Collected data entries
━━━━━━━━━━━━━━━━━━━━
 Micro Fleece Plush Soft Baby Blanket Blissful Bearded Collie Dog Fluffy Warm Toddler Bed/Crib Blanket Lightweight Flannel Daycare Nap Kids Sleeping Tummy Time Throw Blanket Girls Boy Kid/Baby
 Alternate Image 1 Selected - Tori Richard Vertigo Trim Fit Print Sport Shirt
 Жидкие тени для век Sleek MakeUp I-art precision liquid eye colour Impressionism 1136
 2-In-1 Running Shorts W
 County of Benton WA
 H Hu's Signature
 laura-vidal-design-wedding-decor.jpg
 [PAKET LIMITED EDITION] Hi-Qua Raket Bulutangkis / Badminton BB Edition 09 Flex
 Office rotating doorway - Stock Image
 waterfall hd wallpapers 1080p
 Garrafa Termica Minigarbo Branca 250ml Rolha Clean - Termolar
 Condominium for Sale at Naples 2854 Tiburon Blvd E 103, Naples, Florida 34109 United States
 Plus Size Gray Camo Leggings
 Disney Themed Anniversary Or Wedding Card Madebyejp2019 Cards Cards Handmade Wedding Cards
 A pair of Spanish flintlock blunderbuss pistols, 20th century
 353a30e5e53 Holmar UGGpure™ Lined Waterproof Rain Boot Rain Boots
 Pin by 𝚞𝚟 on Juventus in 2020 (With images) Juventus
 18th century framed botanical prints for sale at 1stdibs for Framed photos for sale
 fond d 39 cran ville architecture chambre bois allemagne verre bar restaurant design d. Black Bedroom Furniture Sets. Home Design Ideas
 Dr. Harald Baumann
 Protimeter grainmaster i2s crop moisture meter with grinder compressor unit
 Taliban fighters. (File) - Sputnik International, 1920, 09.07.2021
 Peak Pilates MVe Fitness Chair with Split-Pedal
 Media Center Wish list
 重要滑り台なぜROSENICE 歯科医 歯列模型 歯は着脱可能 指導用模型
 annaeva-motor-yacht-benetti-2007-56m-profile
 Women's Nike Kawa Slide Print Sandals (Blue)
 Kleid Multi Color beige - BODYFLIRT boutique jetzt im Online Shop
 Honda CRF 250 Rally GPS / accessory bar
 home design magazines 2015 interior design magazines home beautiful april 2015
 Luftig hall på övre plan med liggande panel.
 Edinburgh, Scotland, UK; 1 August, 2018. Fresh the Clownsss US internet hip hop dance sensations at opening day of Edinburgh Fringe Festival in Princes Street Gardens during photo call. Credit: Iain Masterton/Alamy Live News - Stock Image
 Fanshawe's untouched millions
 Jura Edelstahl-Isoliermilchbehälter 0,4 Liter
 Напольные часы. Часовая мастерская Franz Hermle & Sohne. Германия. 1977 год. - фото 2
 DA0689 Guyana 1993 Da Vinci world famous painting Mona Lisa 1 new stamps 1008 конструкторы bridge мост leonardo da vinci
━━━━━━━━━━━━━━━━━━━━
_What the task requires_
Give the entries again in full, exactly as they were written above.

_Solution for this problem_
 Micro Fleece Plush Soft Baby Blanket Blissful Bearded Collie Dog Fluffy Warm Toddler Bed/Crib Blanket Lightweight Flannel Daycare Nap Kids Sleeping Tummy Time Throw Blanket Girls Boy Kid/Baby
 Alternate Image 1 Selected - Tori Richard Vertigo Trim Fit Print Sport Shirt
 Жидкие тени для век Sleek MakeUp I-art precision liquid eye colour Impressionism 1136
 2-In-1 Running Shorts W
 County of Benton WA
 H Hu's Signature
 laura-vidal-design-wedding-decor.jpg
 [PAKET LIMITED EDITION] Hi-Qua Raket Bulutangkis / Badminton BB Edition 09 Flex
 Office rotating doorway - Stock Image
 waterfall hd wallpapers 1080p
 Garrafa Termica Minigarbo Branca 250ml Rolha Clean - Termolar
 Condominium for Sale at Naples 2854 Tiburon Blvd E 103, Naples, Florida 34109 United States
 Plus Size Gray Camo Leggings
 Disney Themed Anniversary Or Wedding Card Madebyejp2019 Cards Cards Handmade Wedding Cards
 A pair of Spanish flintlock blunderbuss pistols, 20th century
 353a30e5e53 Holmar UGGpure™ Lined Waterproof Rain Boot Rain Boots
 Pin by 𝚞𝚟 on Juventus in 2020 (With images) Juventus
 18th century framed botanical prints for sale at 1stdibs for Framed photos for sale
 fond d 39 cran ville architecture chambre bois allemagne verre bar restaurant design d. Black Bedroom Furniture Sets. Home Design Ideas
 Dr. Harald Baumann
 Protimeter grainmaster i2s crop moisture meter with grinder compressor unit
 Taliban fighters. (File) - Sputnik International, 1920, 09.07.2021
 Peak Pilates MVe Fitness Chair with Split-Pedal
 Media Center Wish list
 重要滑り台なぜROSENICE 歯科医 歯列模型 歯は着脱可能 指導用模型
 annaeva-motor-yacht-benetti-2007-56m-profile
 Women's Nike Kawa Slide Print Sandals (Blue)
 Kleid Multi Color beige - BODYFLIRT boutique jetzt im Online Shop
 Honda CRF 250 Rally GPS / accessory bar
 home design magazines 2015 interior design magazines home beautiful april 2015
 Luftig hall på övre plan med liggande panel.
 Edinburgh, Scotland, UK; 1 August, 2018. Fresh the Clownsss US internet hip hop dance sensations at opening day of Edinburgh Fringe Festival in Princes Street Gardens during photo call. Credit: Iain Masterton/Alamy Live News - Stock Image
 Fanshawe's untouched millions
 Jura Edelstahl-Isoliermilchbehälter 0,4 Liter
 Напольные часы. Часовая мастерская Franz Hermle & Sohne. Германия. 1977 год. - фото 2
 DA0689 Guyana 1993 Da Vinci world famous painting Mona Lisa 1 new stamps 1008 конструкторы bridge мост leonardo da vinci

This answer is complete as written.